Пальма вытягивает стопалые волосатые ладошки, колышется и притворяется подводным растением.
Повсюду снуют кошки, выгибаются, вдруг куда-то шныряют, пристраиваются за столиками уличных кафе, как полноправные посетители. Можно подумать, что сейчас им принесут меню. Слышна речь немецкая, итальянская, хорватская, итальянская, французская, русская. Коренные жители воображаются какими-то мифическими существами, наподобие коралловых полипов, привычных к снующим стайками разноцветным рифовым рыбам, или, может быть, раков-отшельников, чьё тело приняло форму раковины, переняло её свойства и особенные изгибы и уже не мыслится без него. Потоки разноязыких и разноплемённых людей в сезон составляют часть их повседневности. Они к ним, вылизывающим взглядом всякий карниз, всякую надпись, всякий камень на мостовой, жадно вглядывающимся во всякую приоткрытую дверь, силясь уловить особенности вкуса и уклада здешней жизни, давно притерпелись и стыдятся их не больше, чем чаек.

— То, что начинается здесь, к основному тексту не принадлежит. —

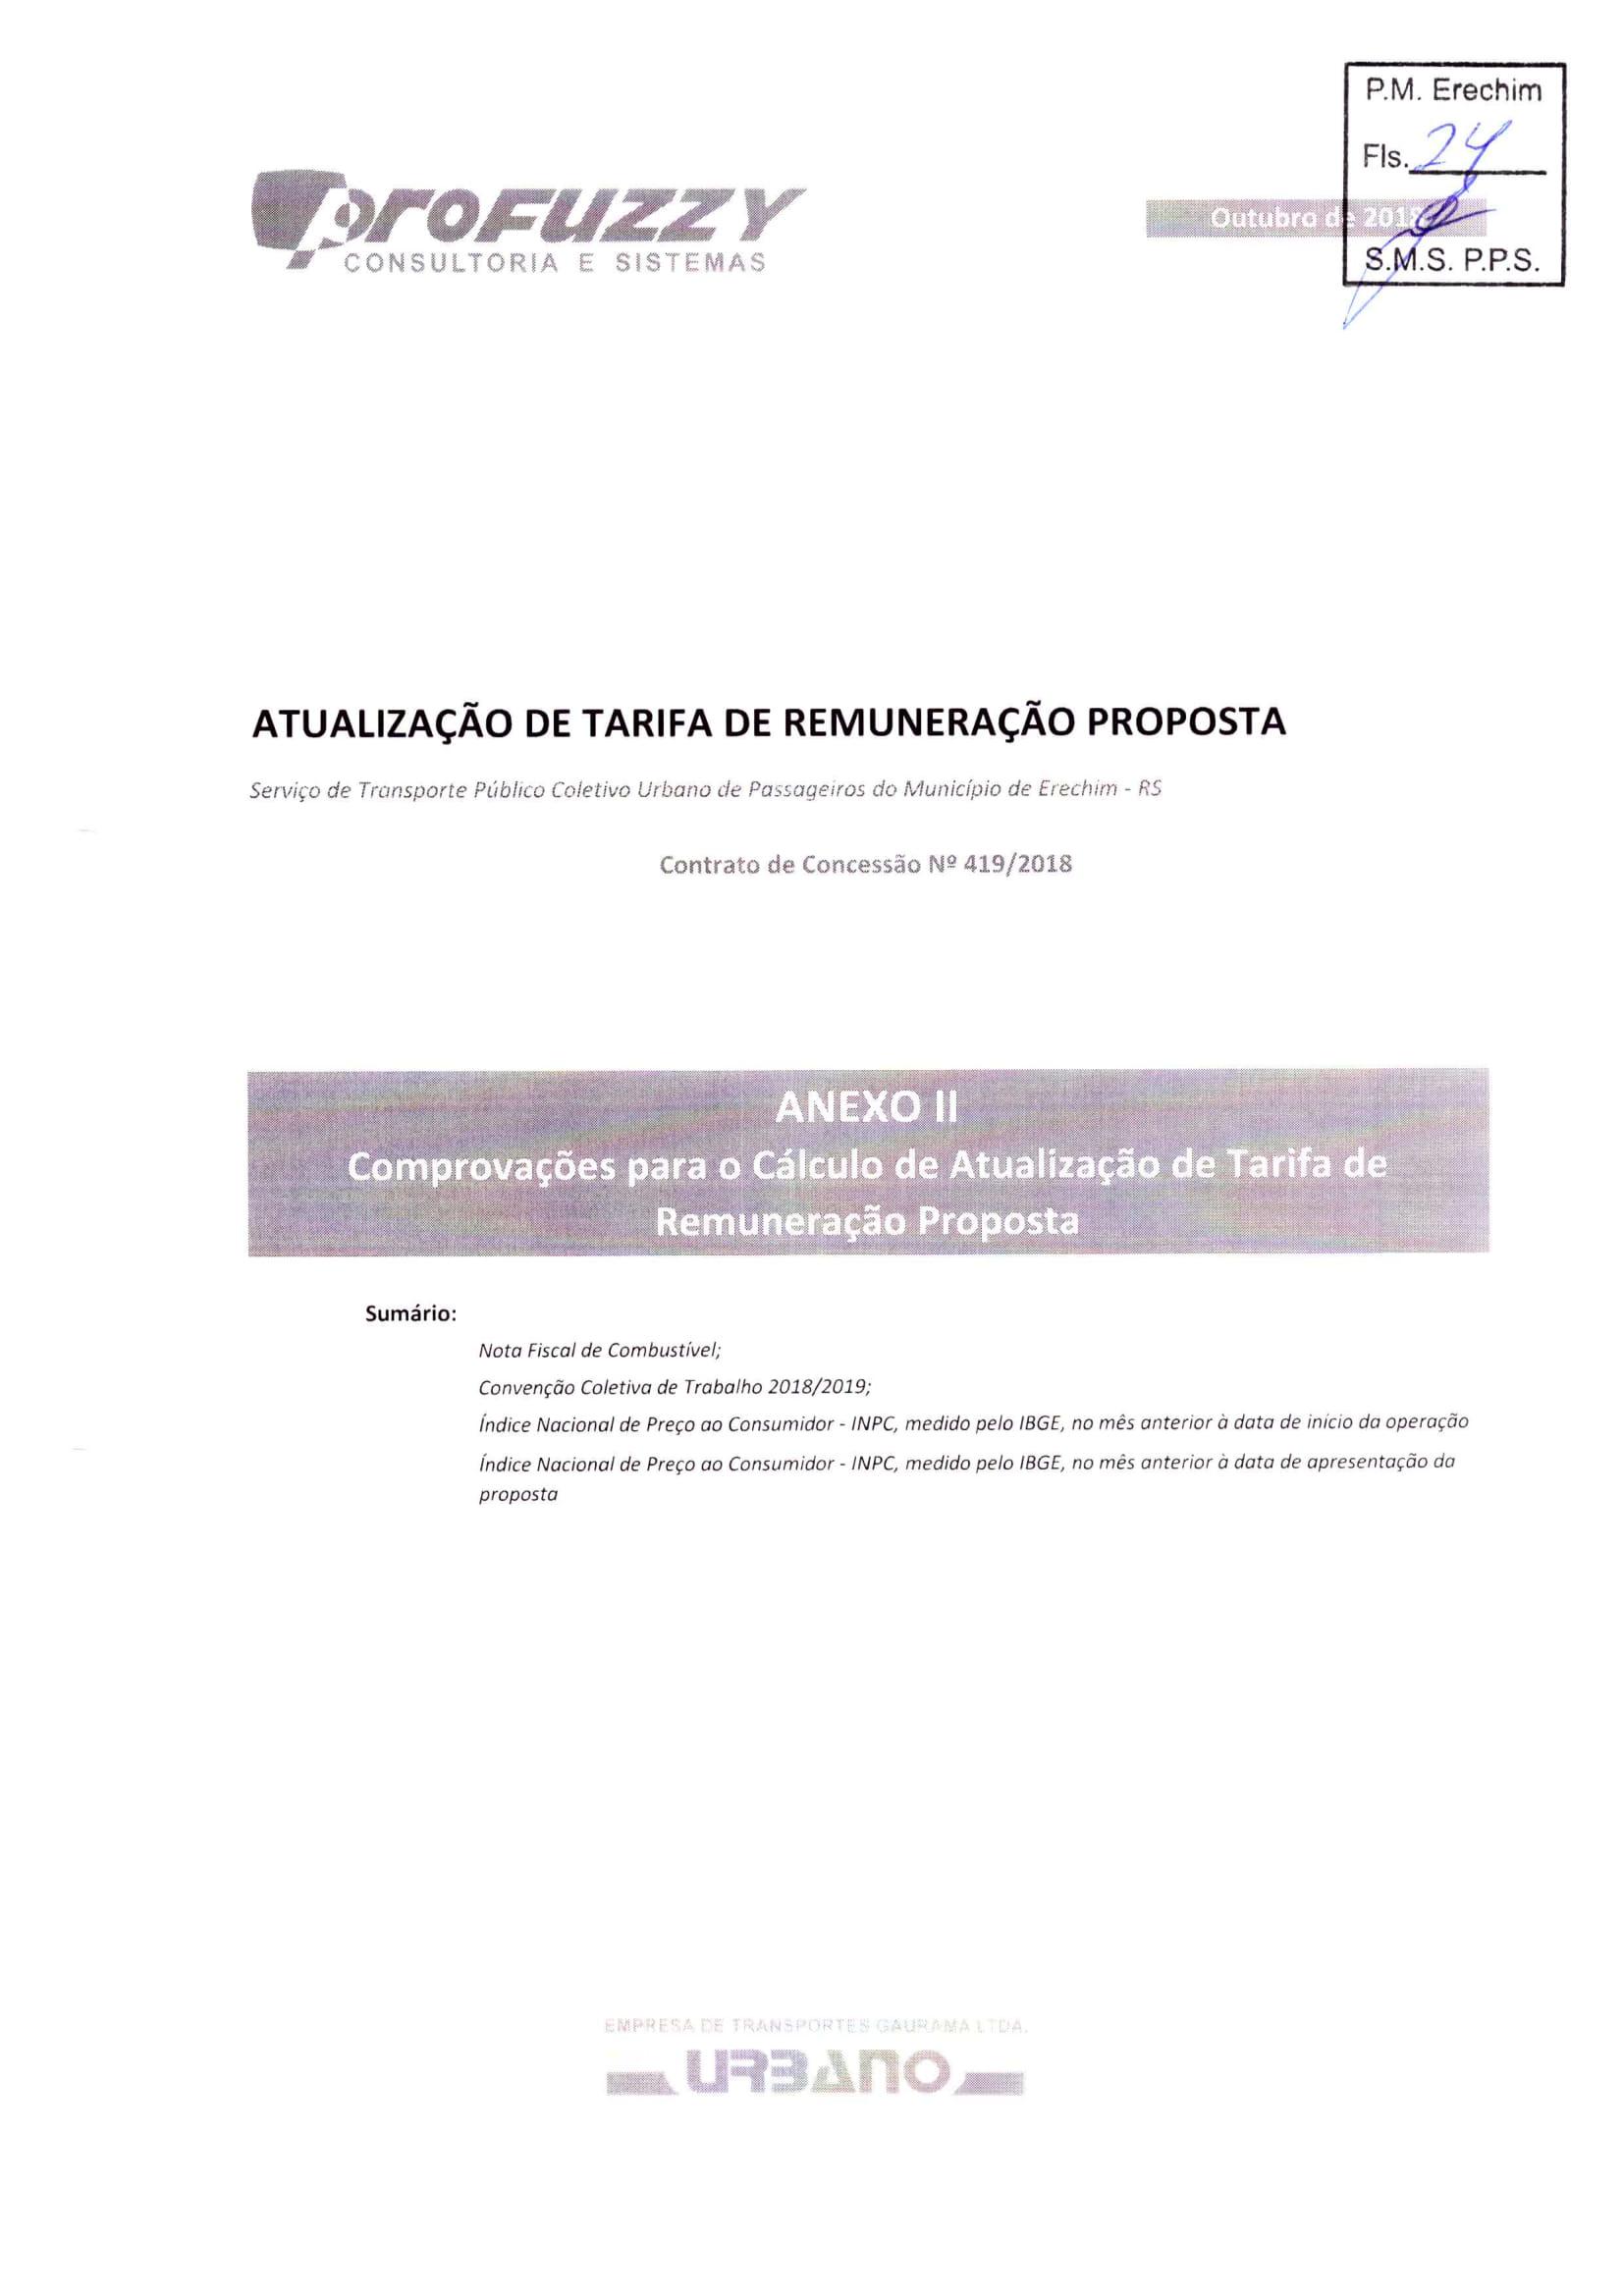 Tarifas - Atualizacao-03

Утром, когда солнце уже взошло, но ещё не видно из-за стен домов, а лишь подкрашивает небо, город моют щётками, губками и мыльной пеной. Приготовляют его туалет, точно старому, с окаменевшими суставами и раскрошившимися суставами морскому чудищу.
Фунтана, рыбацкая деревушка на полпути между Врсаром и Поречем. Двенадцать часов, пустынная автострада. В безлюдном придорожном кафе сомнамбулически вращаются два вздетые на вертела поросёнка. Один молочно-бледный, другой уже близкий к готовности, просмолившийся, в пахучих коричневых потёках. Обескровленные, с вывалившимися бледными языками, они то обращаются друг к другу, вскидывая передние лапы как бы в жесте безоговорочной капитуляции, то вновь, влекомые движением вертела, поворачиваются друг к другу спинами, и тогда их безволосые тушки с бессильно вытянутыми ногами кажутся тельцами детей, осуждённых и казнённых по подозрению в происхождении от дьявола, о котором свидетельствуют хрящеватые узкие хвостики. Немолодая немка, проходя мимо, кидает взгляд и произносит: «брр!» Это зрелище длится и длится, предназначенное, кажется, для нескольких туристов, нервничающих в ожидании автобуса. Вокруг ни посетителей, ни прохожих. Наконец подъезжает автобус и заглатывает единственных зрителей этой кулинарной мистерии.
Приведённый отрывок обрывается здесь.